However, users usually engage in a long sequence of behaviors on Taobao, such as browsing, clicking and purchasing commodities. It is hoped that the relevant information of the user can be analyzed from this behavior sequence. So, similar to natural language processing, multiple words can be embedding into a sentence in sequence. Here, LSTM can be used to embed multiple behaviors into behavior sequence. The difference from the original LSTM is that the input information here includes two aspects, commodity characteristics and behavior description. I believe you all know that LSTM is a kind of RNN (recurrent neural network). Its innovation is that it includes many gates. On the one hand, it can ensure that the phenomenon of gradient disappearance or gradient explosion will not occur during network training, and on the other hand, it can emphasize or weaken some individuals in the sequence. In general RNN, every element in the sequence is equal, but in LSTM, weights can be set for individuals to indicate which elements can be emphasized and which elements can be ignored, which will have an important impact on user behavior learning. For example, a click a user made six months ago is significantly more important than a transaction a user made recently. So how does that show up in the model? Here, the user’s behavior description is placed in three gates, namely forget gate, input gate and Output gate. The user behavior description can determine what needs to be noticed and what needs to be ignored in a user behavior. Therefore, Property Gated LSTM with the structure shown in the following figure is proposed:

In the figure above, P represents property, e represents embedding, H (t-1) represents the output of the previous LSTM, and h(t) represents the output of the current LSTM. The specific Property Gated LSTM formula is as follows:

After LSTM network, Taobao also added attention Net mechanism to imitate natural language processing. Its function is similar to gate, and it can also determine the importance degree of behavior.
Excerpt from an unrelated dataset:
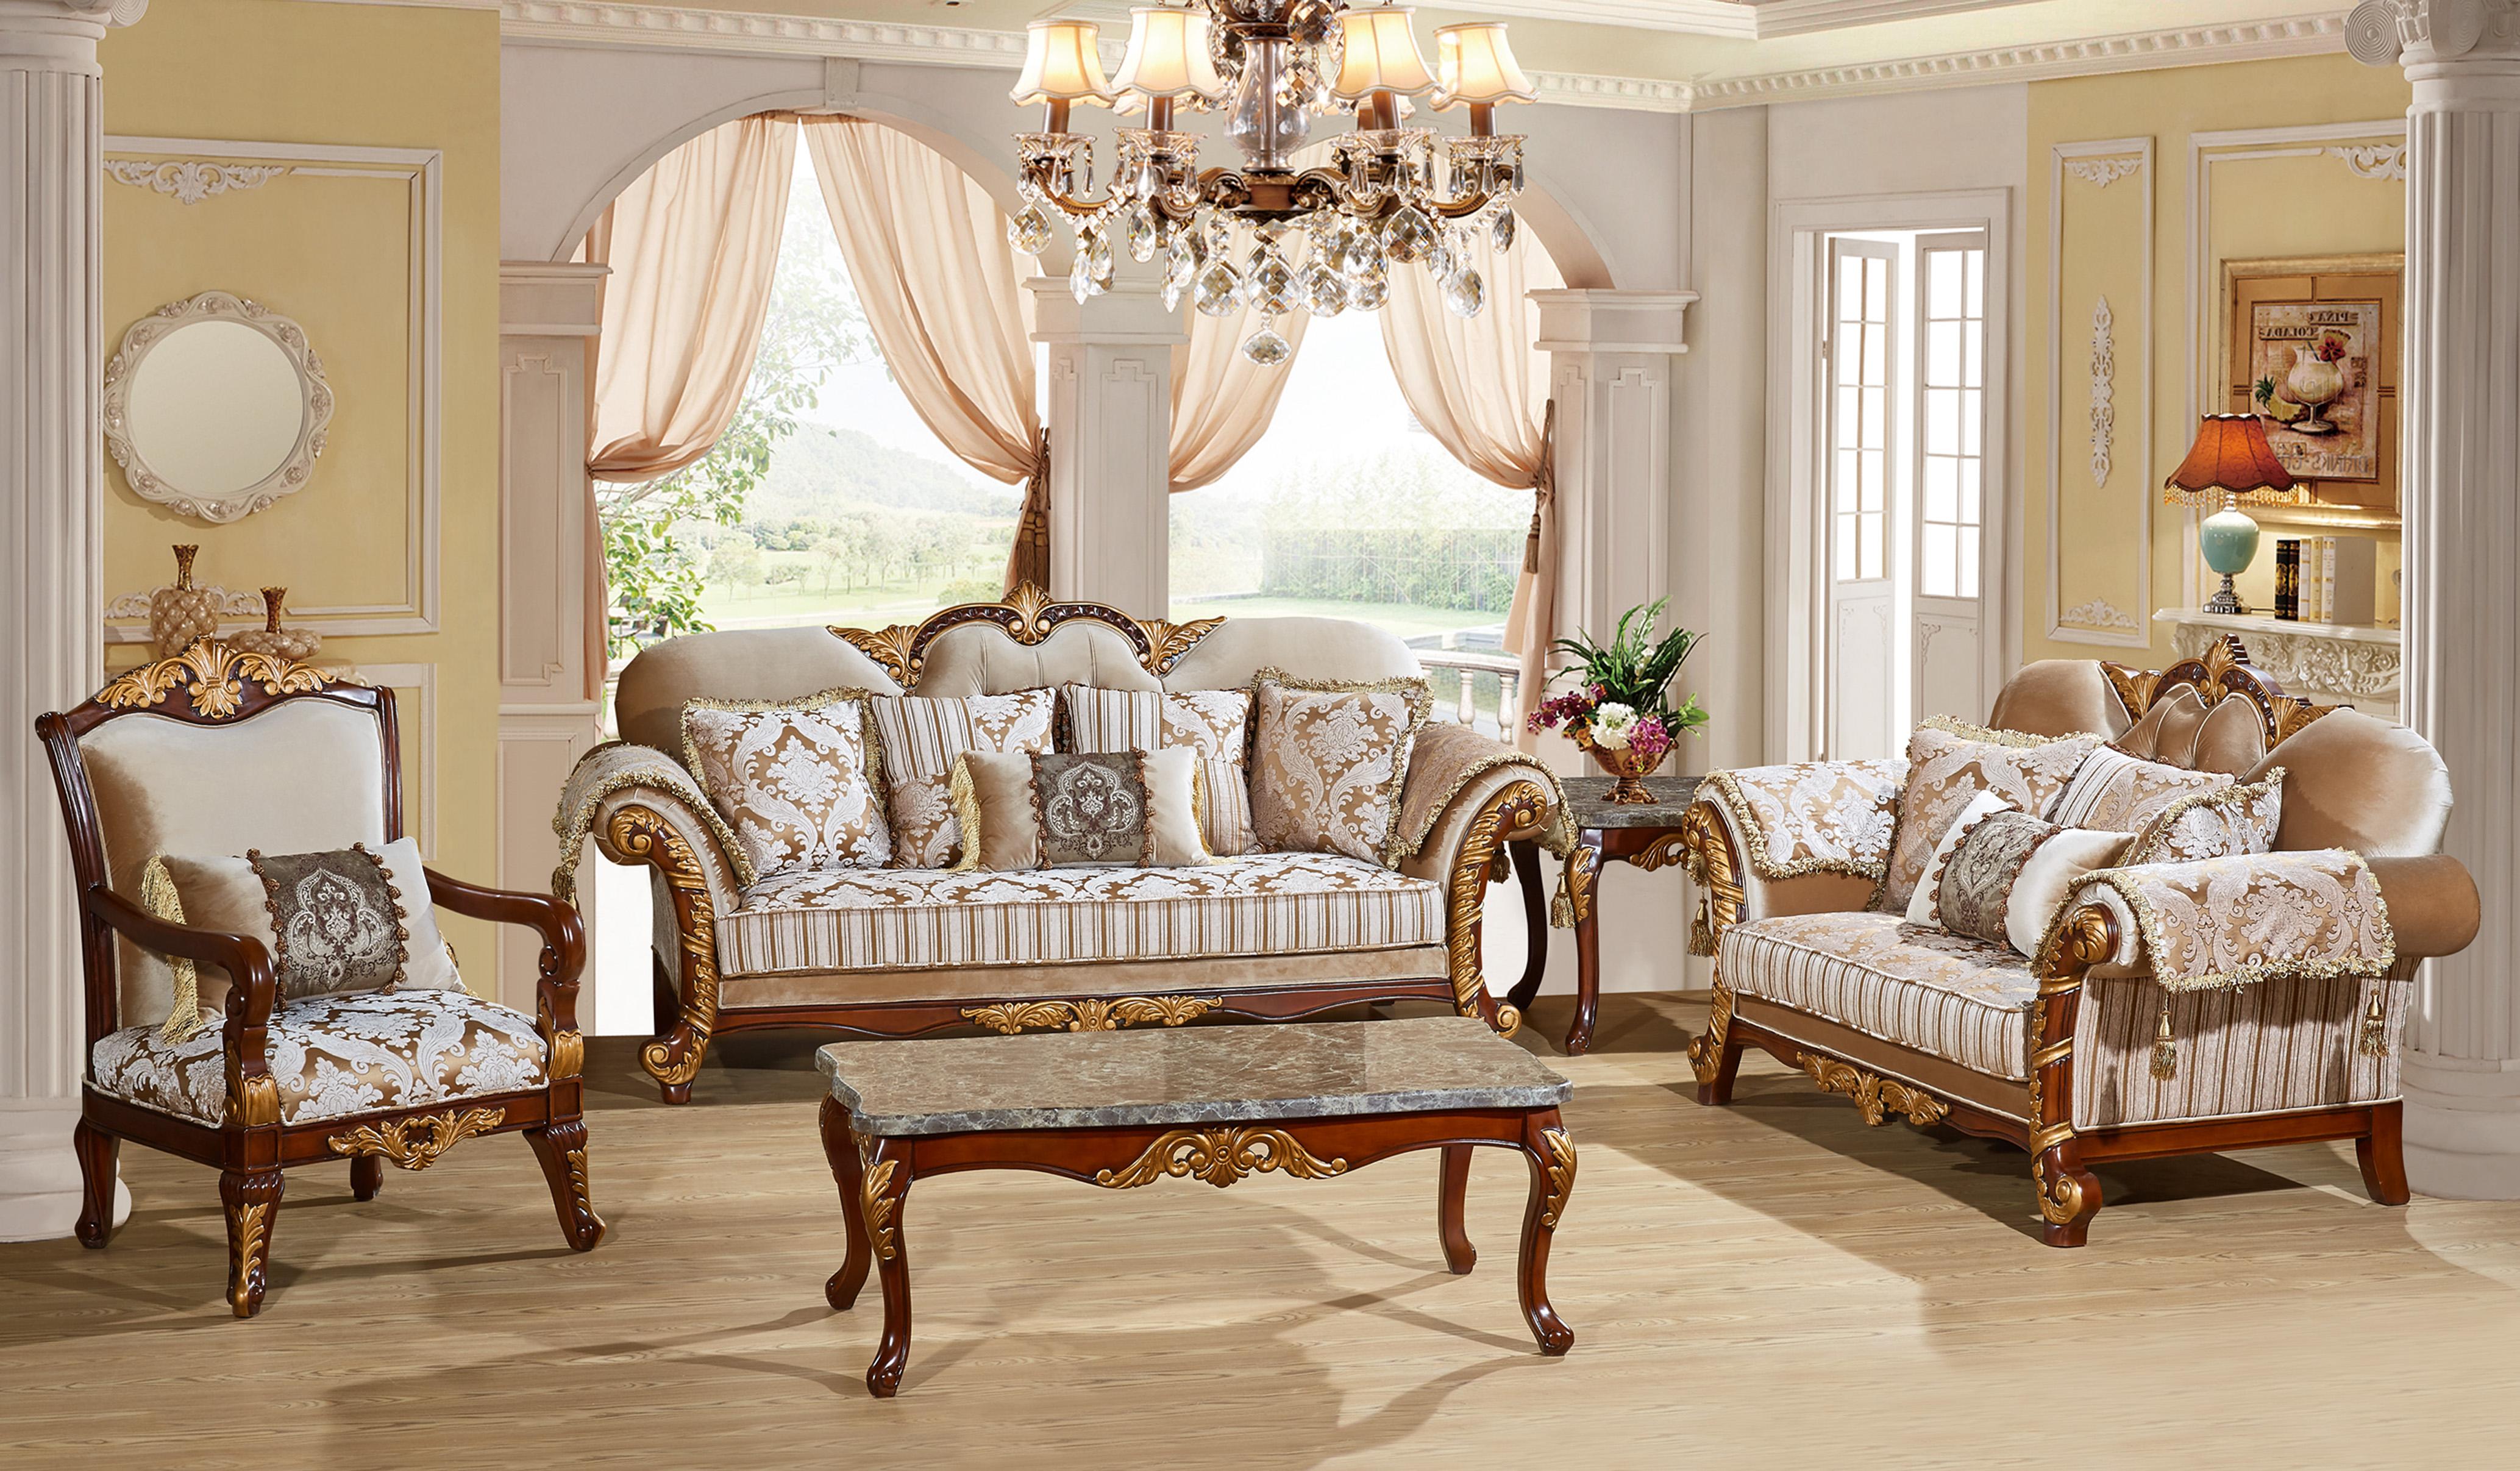 

    
Meridian 651 Camelia Cream w/Gold Living Room Set 3Pcs Carved Wood Traditional
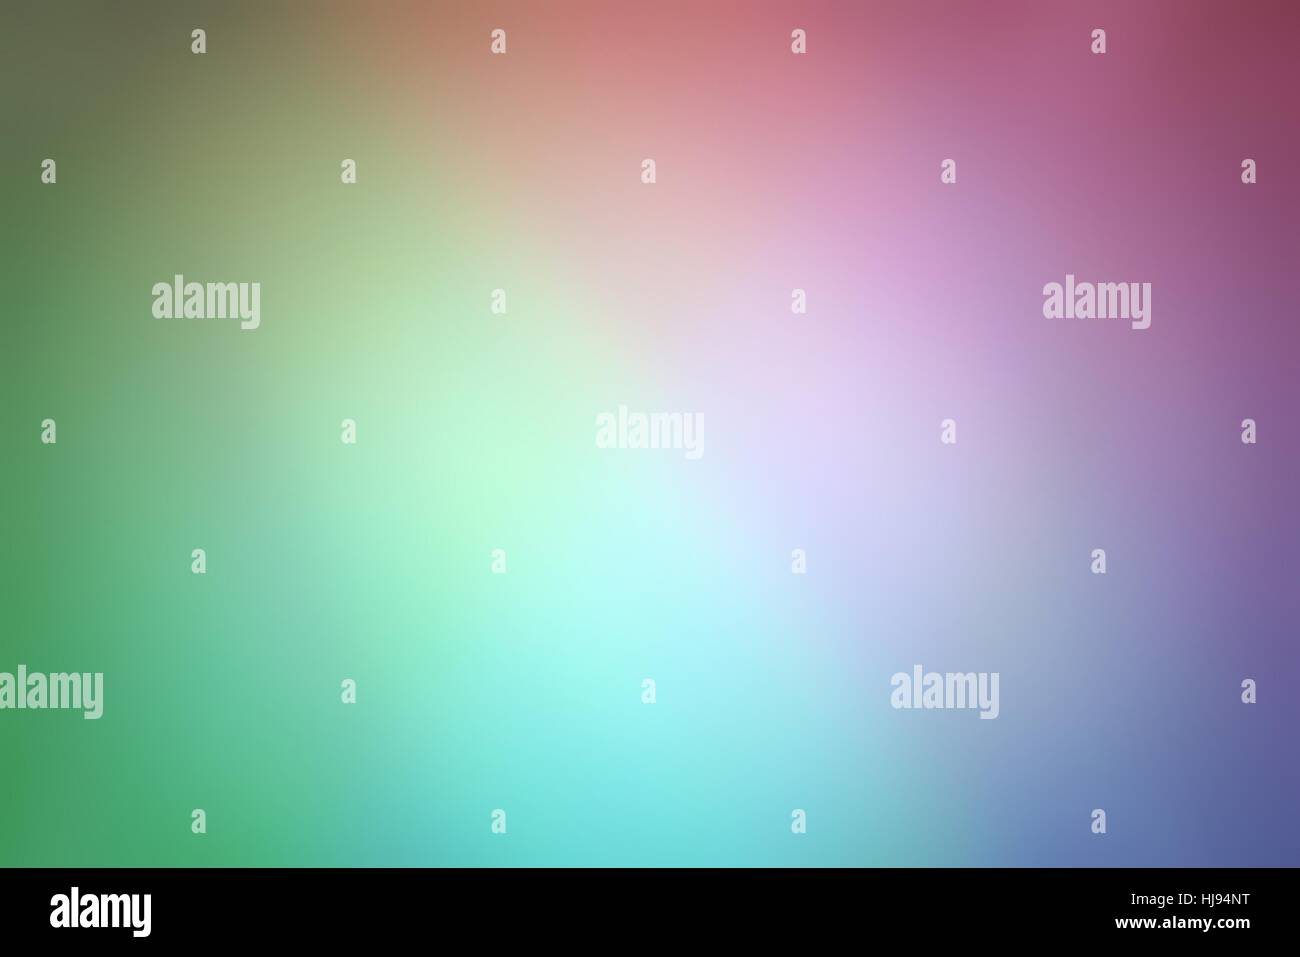 Gradient background of color transitions Stock Photo

However, different from gates, gates can only determine the importance of behavior according to the information of the current behavior. Attention Net mechanism can add some additional information, such as user query information and user information. User will include the user’s age, gender, purchasing power, purchasing preference and other information. Query contains its own ID, participle, and some inside information. The details are shown in the figure below:

Assume that 30 user behavior sequences are input and LSTM outputs 30 vector results H. Attention NET mechanism will determine the importance of h output and finally conduct pooling. For example, a user clicks to browse a dress, then buys a phone, browses some sweeping robots, laptops, etc. If the user enters query as iPhone at this time, the importance of clothing records in the user’s behavior is significantly reduced, because these records cannot reflect the user’s current interests, while the previous behavior records about mobile phones can more express the user’s current interests.

3. Multi-tasks model

After Embedding, user behavior sequence goes through LSTM layer, then attention NET is used for pooling, and finally a 256-dimensional vector user expression is obtained. Assuming you have such a generic user expression, prepare to apply it to the following five tasks.

The first task is THE CTR estimation task, which is commonly used in advertising and ranking recommendations, such as estimating the user’s click rate for a certain movie, video or music. Taobao uses CTR to estimate how many clicks a user has on certain products. The likelihood function is mainly used in the formula. The input includes 256-bit user representation and embedding of goods, which is shared by embedding in the user behavior sequence. These inputs are then routed through a three-layer network to produce an estimated result.

The second task is L2R (Learning to Rank, also LTR) task, which is similar to CTR estimation in form, but the difference is that the input information needs to contain specific Ranking Features. In CTR prediction, user representation is fully connected with embedding, while in L2R task, user representation is linearly multiplied with product features after two layers of network. Its advantage is that the top layer of the network is easy to understand and easy to check for errors. Different from CTR, weight information is added to the formula to indicate which behaviors are valued or ignored. For example, users’ behaviors of clicking and buying commodities need to be given greater weight, while no behavior can be ignored after browsing commodities.

Task three is the user’s preference for the talent. This is because it is expected that the user expression learned in the end will be more general, rather than all tasks related to goods, so the user personality learned in this way will be more limited. Therefore, task three mainly learns the types of users’ favorite talent. In addition to the 256-bit user expression, the input of task 3 also needs to input the characteristics of relevant experts, and then solve the problem of whether users will follow the second class.

Task 4 is to estimate user purchasing power (PPP). Here, the purchasing power of users is divided into seven grades, with the first grade lowest and the seventh grade highest. This can predict whether users are looking for quality and higher purchasing power, or looking for value and preferring lower-priced goods. The purchasing power estimate is independent of the item, and is simply a shard based on the input 256 bits of user representation.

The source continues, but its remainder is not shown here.